Alhamdullilah, puji dan syukur penulis panjatkan kehadirat Allah SWT yang telah memberi rahmat, karunia, serta kasih sayang terbesar-Nya sehingga penulis dapat menyelesaikan makalah dengan judul “Makalah Sistem Pendukung Keputusan”. Makalah ini disusun bertujuan untuk memenuhi tugas mata kuliah Sistem Pendukung Keputusan. Selain itu sebagai upaya untuk meningkatkan kemampuan dan memotivasi mahasiswa dalam menyusun karya tulis.

            Penulis menyadari bahwa masih terdapat banyak kekurangan dan keterbatasan dalam penyusunan makalah ini. Oleh karena itu, penulis mengharapkan saran dan kritik dari pembaca sekalian demi memperbaiki  makalah ini dalam penulisan lain di kemudian hari.  Dan semoga makalah ini dapat mendatangkan manfaat bagi kita semua.

Sekian dan terimakasih.

 

 

  

BAB I

PENDAHULUAN

 

Sistem Pendukung Keputusan (SPK) atau Decision Support System (DSS) adalah sebuah sistem yang mampu memberikan kemampuan pemecahan masalah maupun kemampuan pengkomunikasian untuk masalah dengan kondisi semi terstruktur dan tak terstruktur. Sistem ini digunakan untuk membantu pengambilan keputusan dalam situasi semi terstruktur dan situasi yang tidak terstruktur.
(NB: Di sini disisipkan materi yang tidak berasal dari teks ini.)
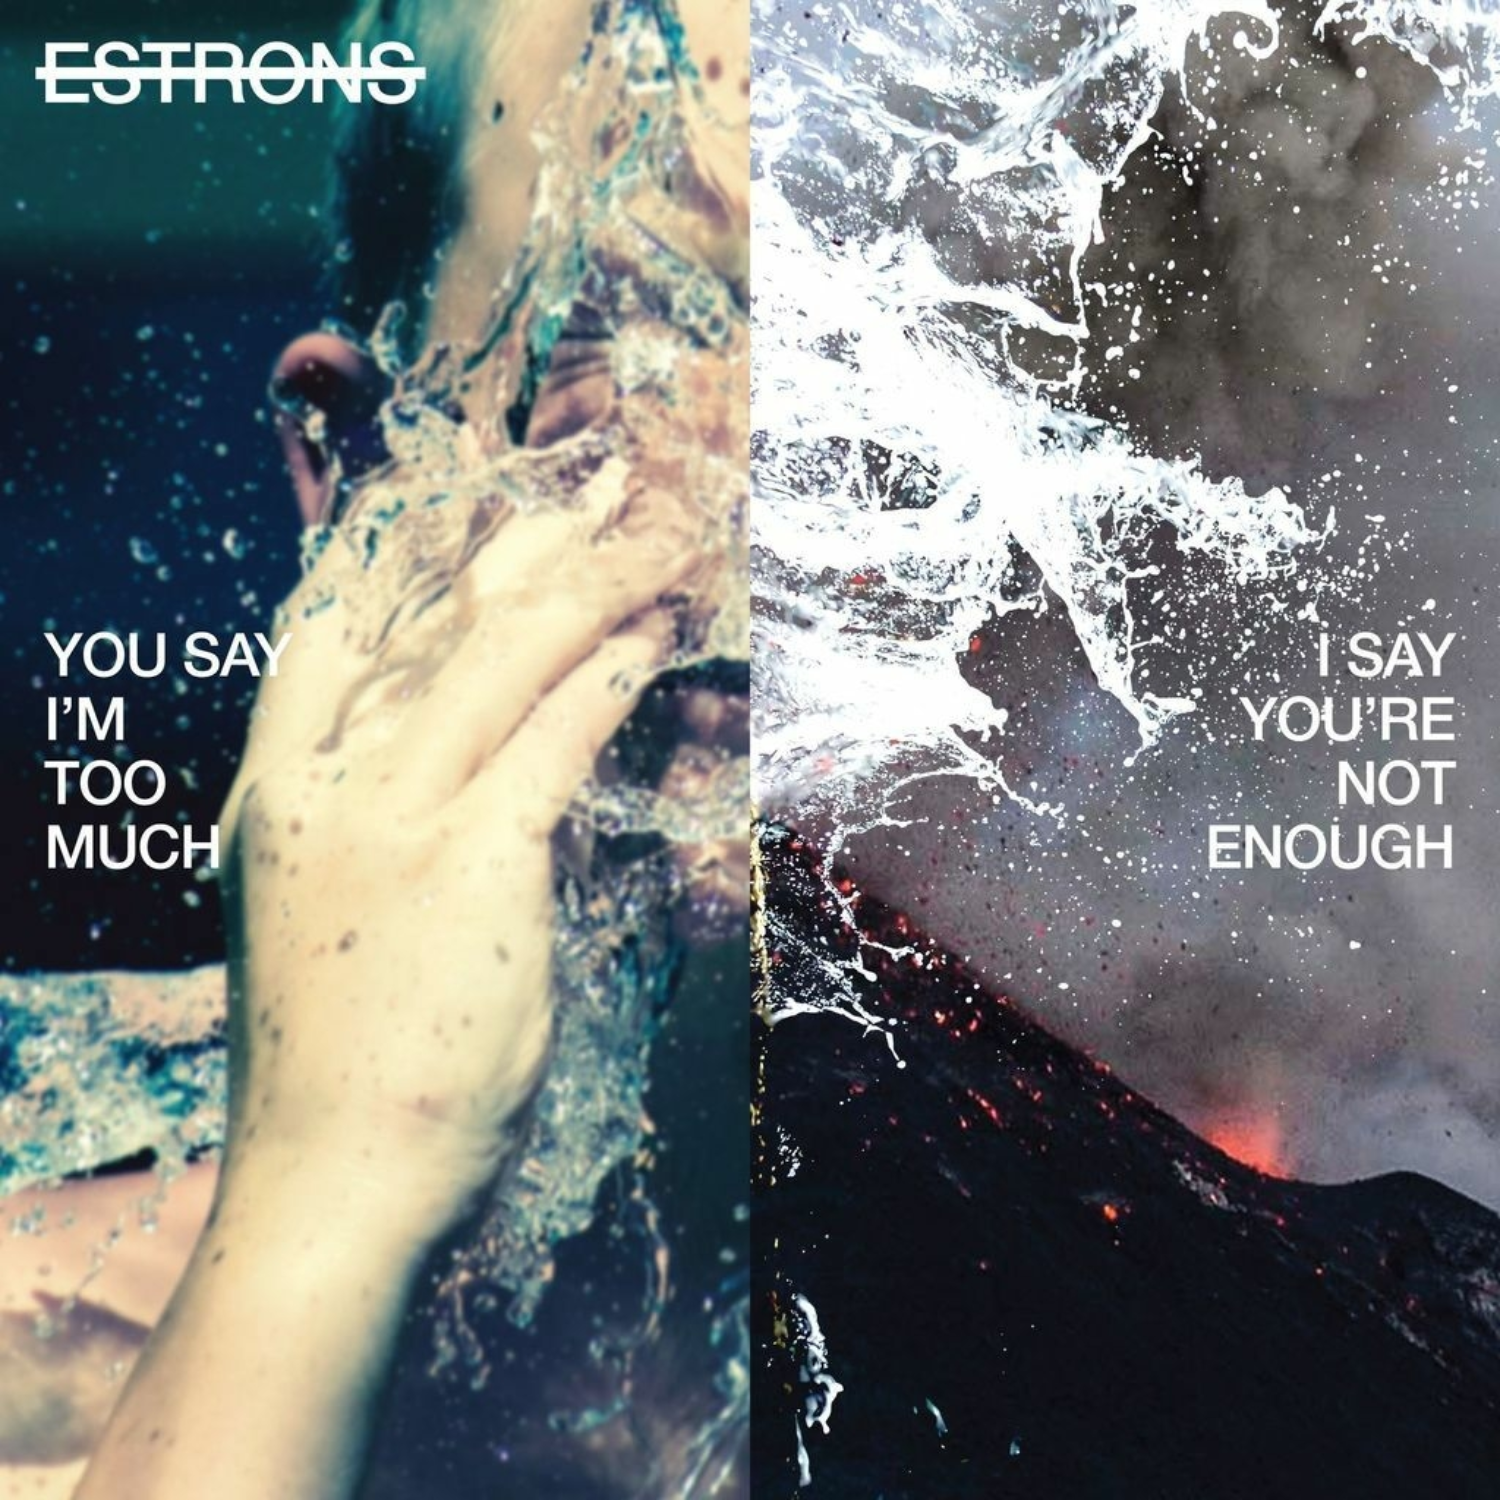 Estrons - You Say I’m Too Much, I Say You’re Not Enough

Menurut Moore and Chang, SPK dapat digambarkan sebagai sistem yang berkemampuan mendukung analisis ad hoc data, dan pemodelan keputusan, berorientasi keputusan, orientasi perencanaan masa depan, dan digunakan pada saat-saat yang tidak biasa.

System pendukung keputusan atau DSS digunakan untuk mengumpulkan data, menganalisa dan membentuk data yang dikoleksi, dan mengambil keputusan yang benar atau membangun strategi dari analisis, tidak pengaruh terhadap computer, basis data atau manusia penggunanya

 

 

BAB II

PEMBAHASAN

 

A.    PENGERTIAN SISTEM PENDUKUNG KEPUTUSAN (DECISION SUPPORT SYSTEM)

            Sistem Pendukung Keputusan (SPK) adalah bagian dari sistem informasi berbasis Komputer termasuk sistem berbasis pengetahuan atau manajemen pengetahuan yang dipakai untuk mendukung pengambilan keputusan dalam suatu organisasi atau perusahaan. Dapat juga dikatakan sebagai sistem komputer yang mengolah data menjadi informasi untuk mengambil keputusan dari masalah semi terstruktur yang spesifik.

            Sistem Pendukung Keputusan (SPK) dapat digambarkan sebagai sistem yang berkemampuan mendukung analisis adhoc data, pemodelan keputusan, berorientasi keputusan, orientasi perencanaan masa depan yang digunakan pada saat-saat yang tidak biasa. Sistem Pendukung Keputusan (SPK) juga merupakan penggabungan sumber-sumber kecerdasan individu dengan kemampuan komponen untuk memperbaiki kualitas keputusan dan menjadi sistem informasi berbasis komputer untuk manajemen pengambilan keputusan yang menangani masalah-masalah semi struktur.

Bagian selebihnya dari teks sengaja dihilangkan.